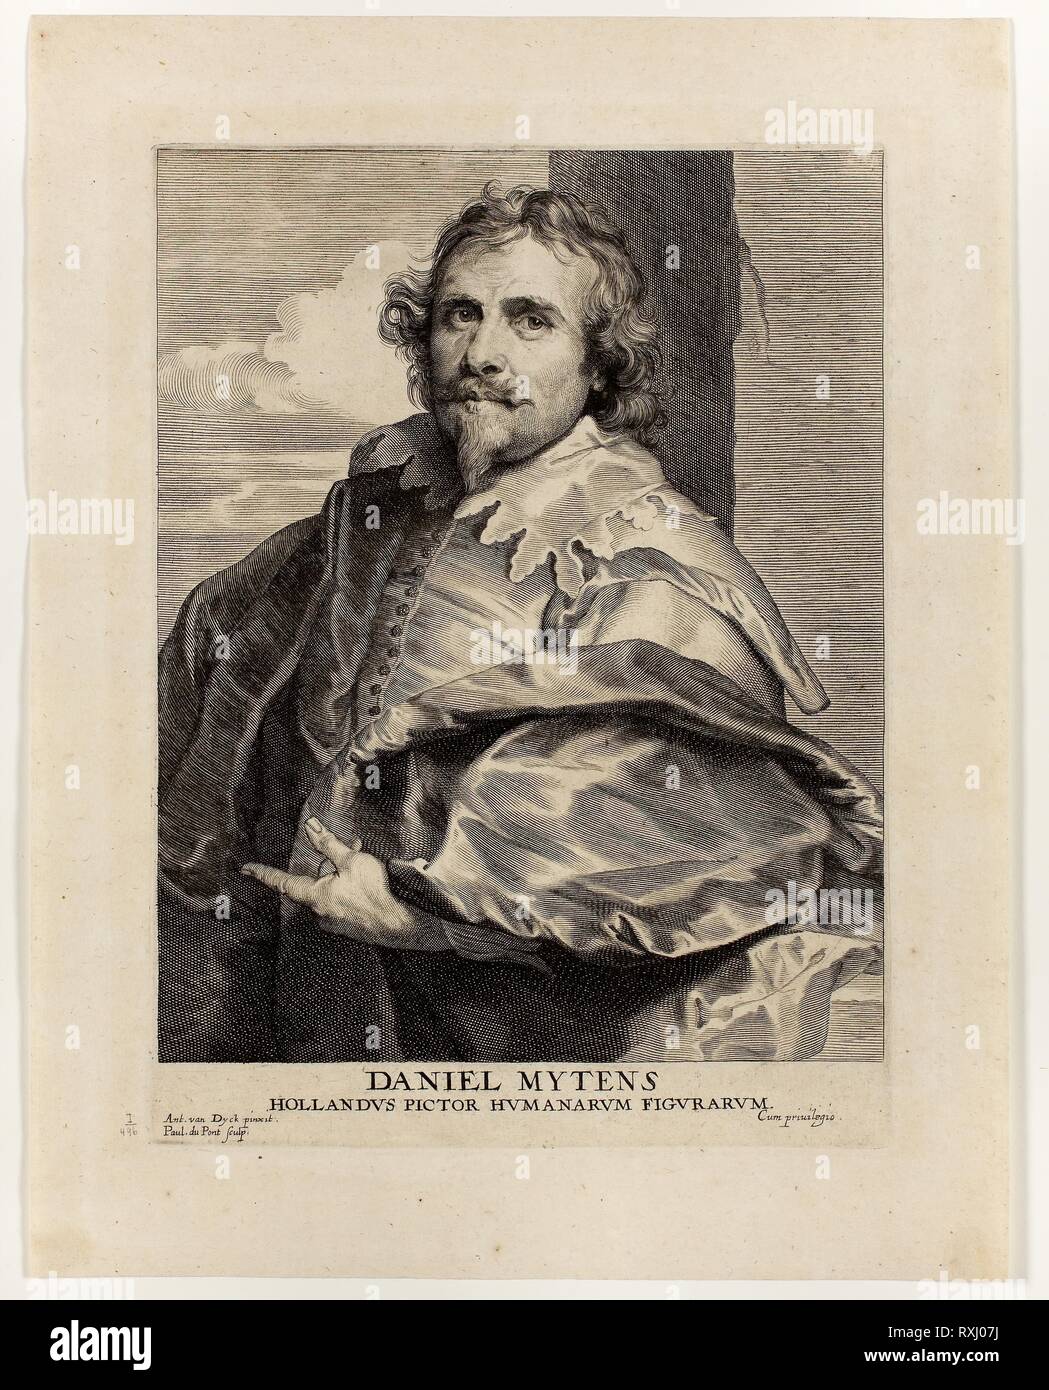 Daniel Mytens. Paul Pontius (Flemish, 1603-1658); after Anthony van Dyck (Flemish, 1599-1641). Date: 1630-1645. Dimensions: 249 x 185 mm (plate); 313 x 243 mm (sheet). Engraving in black on cream laid paper. Origin: Flanders. Museum: The Chicago Art Institute. Stock Photo
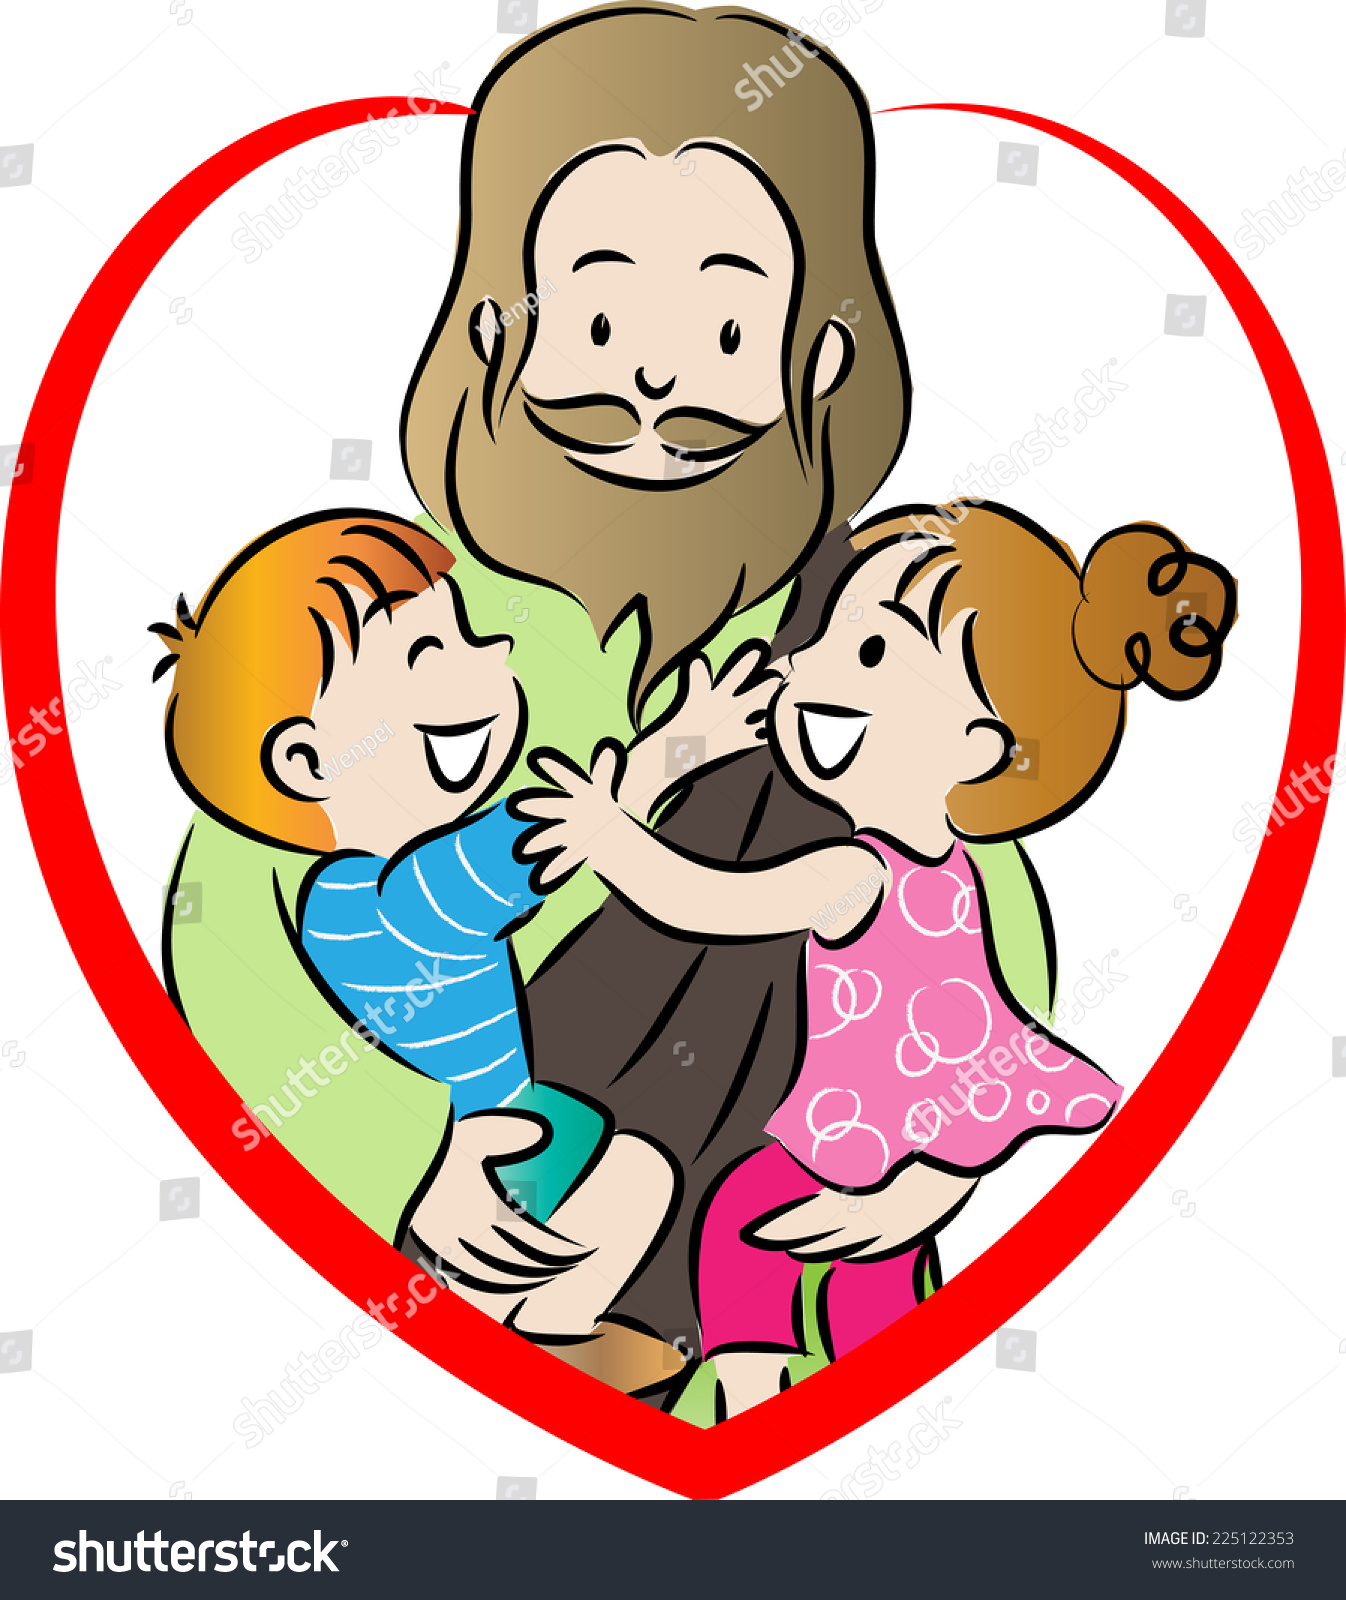 clipart jesus and child - photo #22
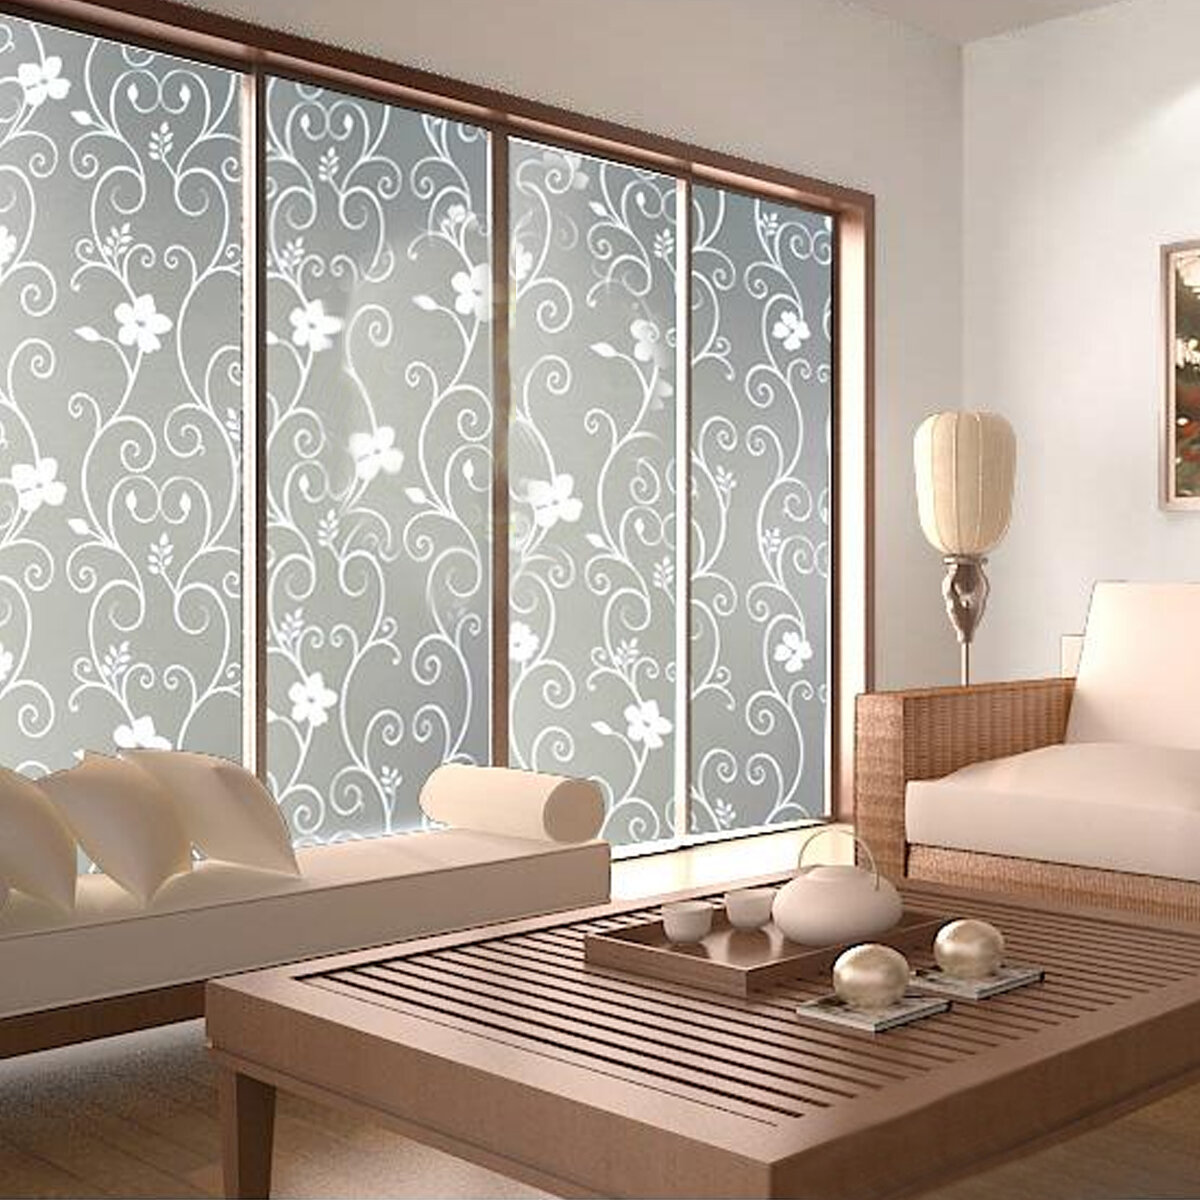 45*200cm Waterproof Frosted Bathroom Window Glass Film Stickers Decorations

Task details -> Each line of the listing above should be retyped exactly, with no pictures.

Exercise output ->
 Daniel Mytens. Paul Pontius (Flemish, 1603-1658); after Anthony van Dyck (Flemish, 1599-1641). Date: 1630-1645. Dimensions: 249 x 185 mm (plate); 313 x 243 mm (sheet). Engraving in black on cream laid paper. Origin: Flanders. Museum: The Chicago Art Institute. Stock Photo
 clipart jesus and child - photo #22
 45*200cm Waterproof Frosted Bathroom Window Glass Film Stickers Decorations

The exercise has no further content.